2. Create a vertical sketch representing the outer edge of the pumpkin on the 18-degrees plane. The end should touch the end of the earlier created horizontal line.

Step 3:

3. Mirror the vertical sketch on the front-plane. Close the loop by adding another horizontal plane and sketch touching the top-ends of the vertical lines.

Step 4:

4. Create a boundary blend and make sure the lower horizontal line is tangent to the plane it was created on.

Step 5:

5. Pattern the boundary blend 10x around the center axis (divided by 360 degrees)

Step 6:

6. Merge the quilts, and rounds and mirror the whole around the top plane and merge again.

Step 7:

7. Add a hole in the bottom surface for the tea-light, by extruding a cut on the top-plane

Step 8:

8. Create an extrude on the front plane of the cut-out face. In this case a “smiley” I imported in sketcher from a dxf file I created earlier with Adobe Illustrator using an image downloaded from google images.

Step 9:

9. Create three copies of the same sketch on slightly different offsets from the top-plane which will become the pumpkin-stem-base.

Step 10:

10. Use these sketches to create a solid blend

Step 11:

11. Create a curved line, or several  lines on top of the stem-base by first creating new planes under different angles.

Step 12:

12. create a solid sweep using the same sketch as the top of the stem-base.

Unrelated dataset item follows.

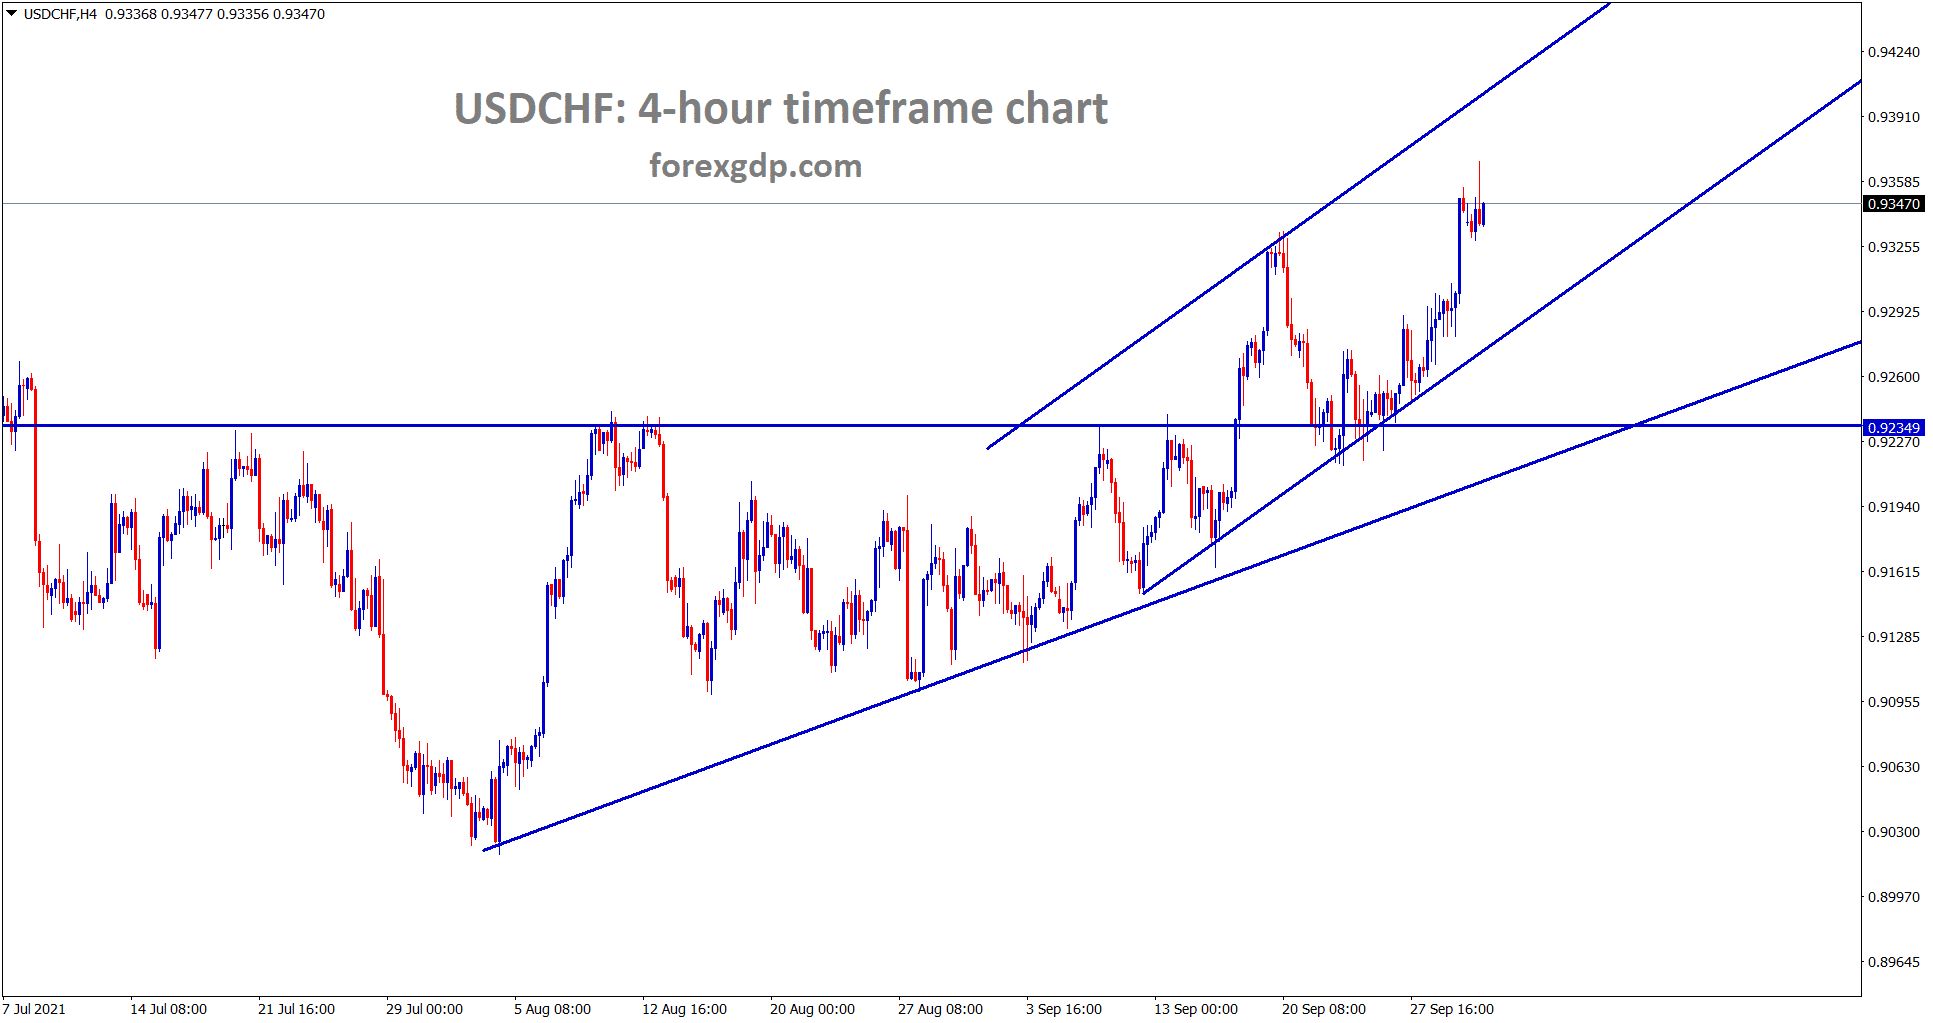 USDCHF is moving in an uptrend now forming higher highs and higher lows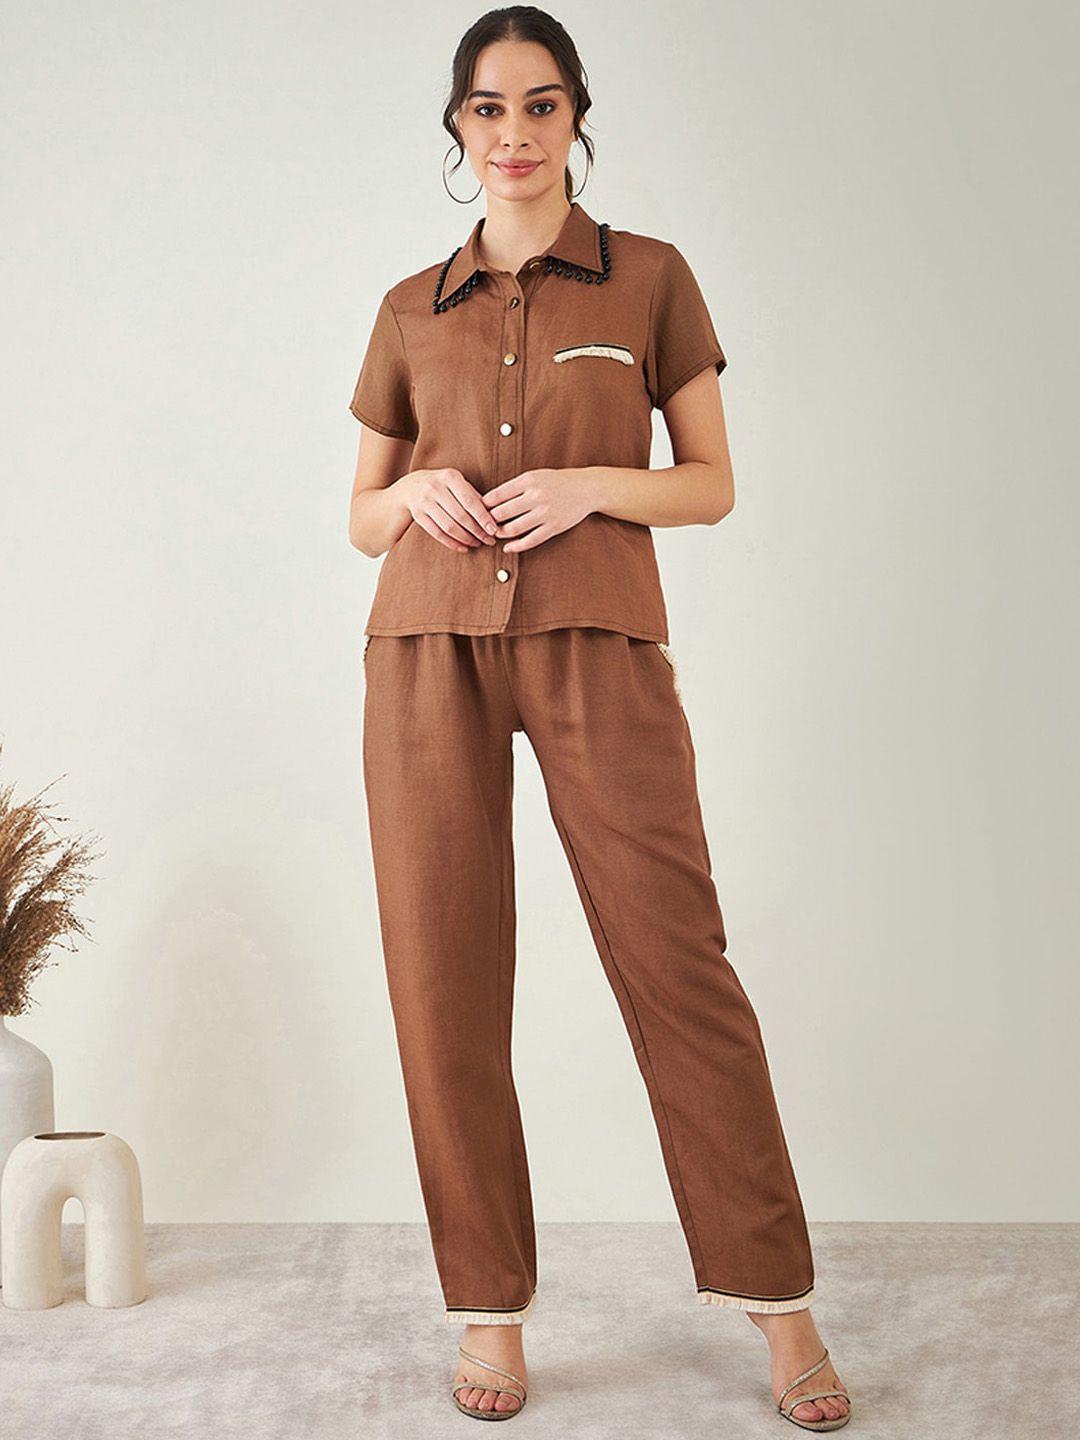 first resort by ramola bachchan relaxed fit  collar neck top & mid-rise trouser co-ords

I used a trajpar relation in the sketcher to have the stem diameter become smaller to the end of the trajectory.

Step 13:

13. Thicken the surface model and add rounds between the stem and pumpkin.
You can finish the model by adding some nice appearance colors and by hiding the sketch lines.
Also I have added an offset on the teeth so that these will let some light trough when 3d printed.
I have rendered the pumkin in Keyshot 4, which gives fast and realistic results when rendering a final image.